The Philip Wayre Upland Trust, formerly known as the Philip Wayre Wildlife Trust, was founded in 1994 by the well-known naturalist and conservationist Philip Wayre, also the founder of the Otter Trust which successfully completed the otter reintroduction programme in the rivers of eastern and central England.

Philip Wayre Upland Trust

Aims

  • Conservation
  • Upland Management
  • Education
  • Research
Black Grouse

About The Trust

The Philip Wayre Upland Trust is a conservation charity dedicated to protecting and restoring unique upland habitat and its endangered wildlife such as Black Grouse and Breeding Waders for the benefit of future generations. The trust was set up in 1994 by naturalist and conservationist Philip Wayre. His vision was to restore the upland landscape and its endangered species and to inspire the general public to protect and care for the unique uplands in the future, and to raise public awareness of the value of conservation by education and promotion of research and scientific study of the upland ecology.

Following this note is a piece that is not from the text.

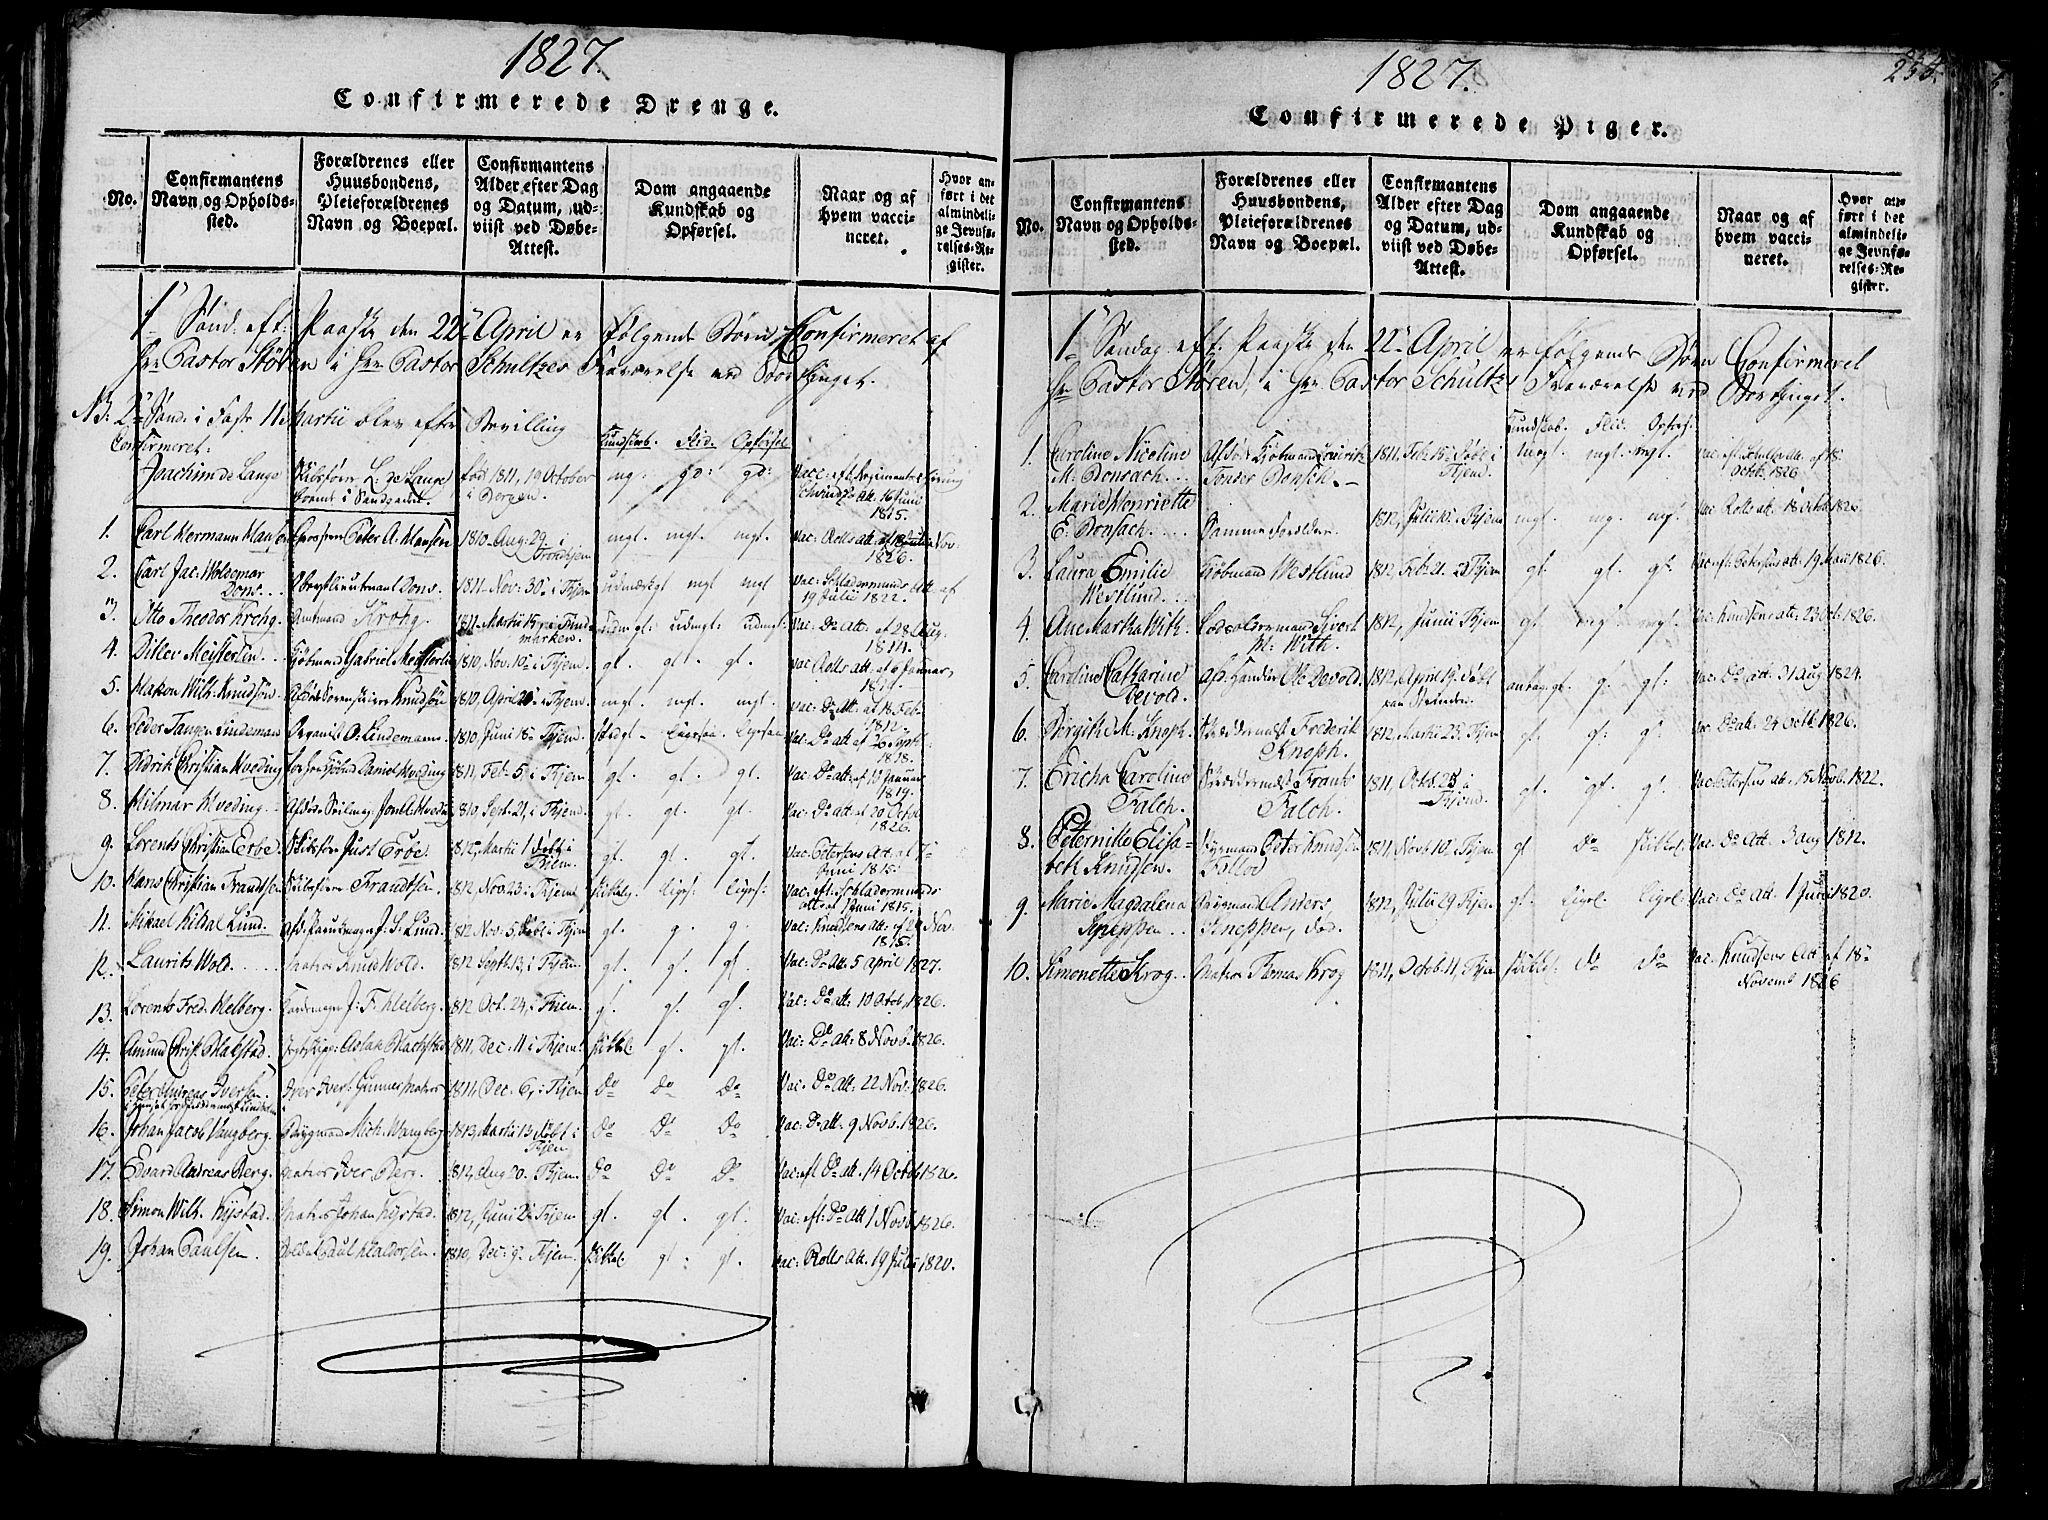 SAT, Ministerialprotokoller, klokkerbøker og fødselsregistre - Sør-Trøndelag, 602/L0135: Klokkerbok nr. 602C03, 1815-1832, s. 253

Improving the diversity of the habitat, encouraging the wildlife and safeguarding the carbon store benefits the local population as well as being a knowledge resource for local schools and interested groups. Scientific groups also benefit from the Trust's activities with access to both sites, and to the Trusts own reports, to carry out studies relative to the improvement of upland areas and wildlife.

The Trust has five volunteer trustees and is fortunate to have dedicated wardens on both sites. Their knowledge and experience is invaluable. Both sites are isolated areas of moorland where access is not straightforward. However the Trust is keen for members of the public to learn about and enjoy the amazing variety of wildlife and habitat on Lintzgarth and Thornhope. To facilitate this the wardens can be contacted and guided visits arranged.

Philip Wayre

About Philip Wayre

Philip Wayre (1926-2014) was interested in wildlife from a boy when he would study rats under the joists at his prep school to watching and photographing the geese on the mudflats of East Anglia as soon as he was old enough to drive.